Mitchell has a job at ABN Amro which she heard about in London through Robert Walters. Almost her entire career in financial markets has been in London working in a high-pressure job doing settlements on 5000 trades a day. Here she does settlements in financial market operations.

"I'm nowhere near as busy in terms of volume of trades but I have so much to learn."

As for her salary here versus what she earned in London: "I haven't even bothered to compare it." She was earning £30,000 ($90,000) in London, not including overtime. Although she is happy with her decision to come back to friends and family, she is still getting used to the cost of living. While rents are pretty affordable, dining out and groceries are expensive. "I have booked a holiday to Rarotonga and it will the most expensive week-long holiday I've ever had."

Returned Kiwi Fiona Sherwood says she is loath to lure people back here from Britain under false pretences. "We tend to say 'come home, it's so much easier'. They've got to realise it's not like that."

The financial lawyer came back after six years in London where she had specialised in derivatives banking law, only to find no market for her expertise here.

"I expected a job to fall into my lap but it didn't," she says, admitting to a certain amount of arrogance when going for job interviews - something returning Kiwis can be guilty of.

The lawyer was told off by her agency after an interview.

"'Next time you go for a job don't expect that it's yours,' they told me. I was too pushy, I was telling then how I'd run it and had made the assumption that the job was mine."

Friends back home can be over-optimistic about the situation here and lure people back on slightly false pretences.

At Deutsche Bank in London Sherwood earned a total package of around £70,000 ($210,000) including abonus, and had very little financial incentive to come back to New Zealand. But felt too far from family after September 11, 2001.

The mother of a toddler, she enjoys the fact that she works four days a week and is just 15 minutes from the child care centre. She talks of a colleague in London who works Tuesday to Friday and because of the commute times doesn't see her child from Tuesday until Saturday.

More and more young Britons are making their way here for the easier lifestyle. For some it means a certain amount of sacrifice. Investment banker Adam Challinor has not been able to keep up his Financial Services Authority qualifications while here. He was warned by recruitment agency, Global Career Link, about salaries. "They said I would be in hot demand but not doing jobs that I would want to do," says the Essex-born Londoner. 'We were surprised by the salaries and the cost of living here. When you look at how much less you earn it's more expensive."

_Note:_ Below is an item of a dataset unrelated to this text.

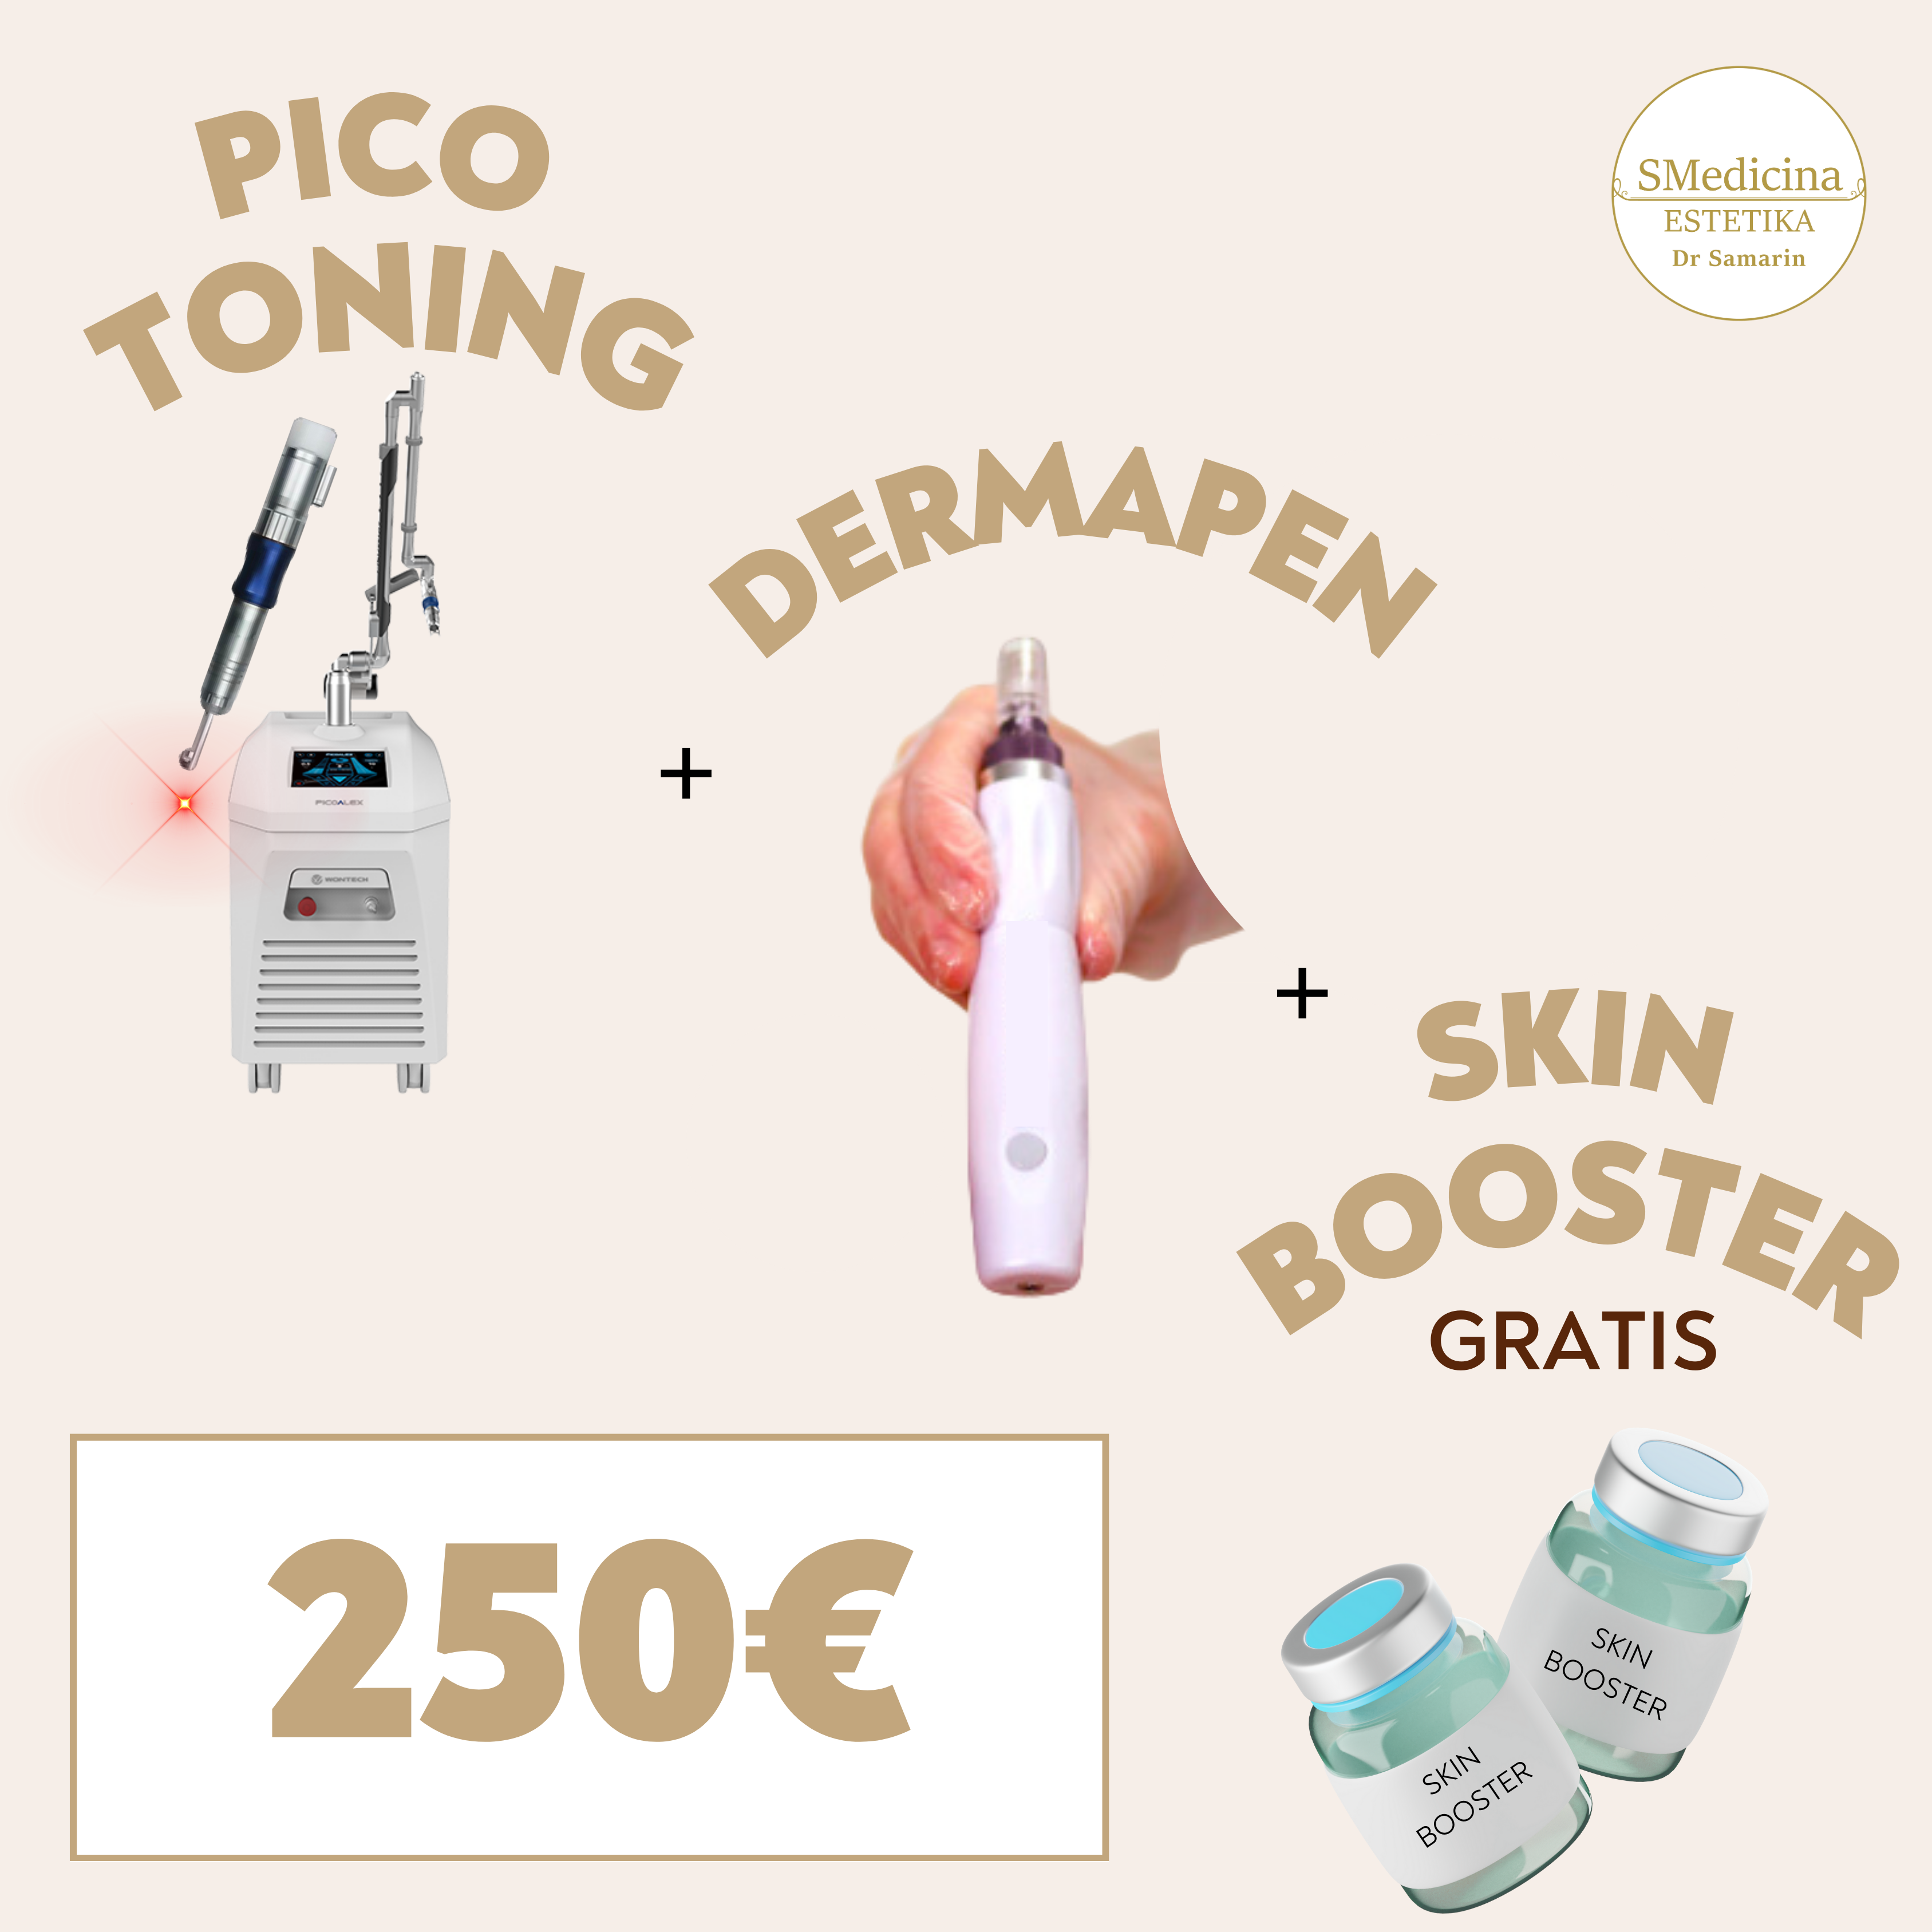 Pico Toning +  DermaPen + GRATIS Skin booster

Recruitment companies such as Global Career Link try to manage people's expectations as much as possible. General manager Simon Swallow, who spent nearly six years overseas working as a management consultant, says: "Professional people will either come back and be completely disillusioned as their expectations are not met and they will leave again, [or if they] have had their expectation managed, come back and be more realistic.

"It is why we set up in London to sit down with people before they came back and talk about their options."

He says house prices shock incoming workers the most. He adds: "The longer you stay over in the UK the harder it is to find a job when you come back to New Zealand... the higher up you are the less jobs there are."

Challinor, 30, is working in product control for the BNZ in Wellington; he was an investment banker with Morgan Stanley in London. A cancer survivor, he's decided there was more to life than working 15-hour days on the dealing floor. He and partner, nurse Mary Kerr will try their fortunes in Sydney later this year. Both expect an immediate 20 per cent raise plus bonuses and superannuation. Challinor hopes to have more relevant work experience there to make his return to Britain easier.

They were amazed at how little nurses earn here.

"It's an absolute wonder how hospitals run in New Zealand when you see the nurses' pay here. She [partner] was earning more as a graduate nurse in the UK than she is here with seven years' experience."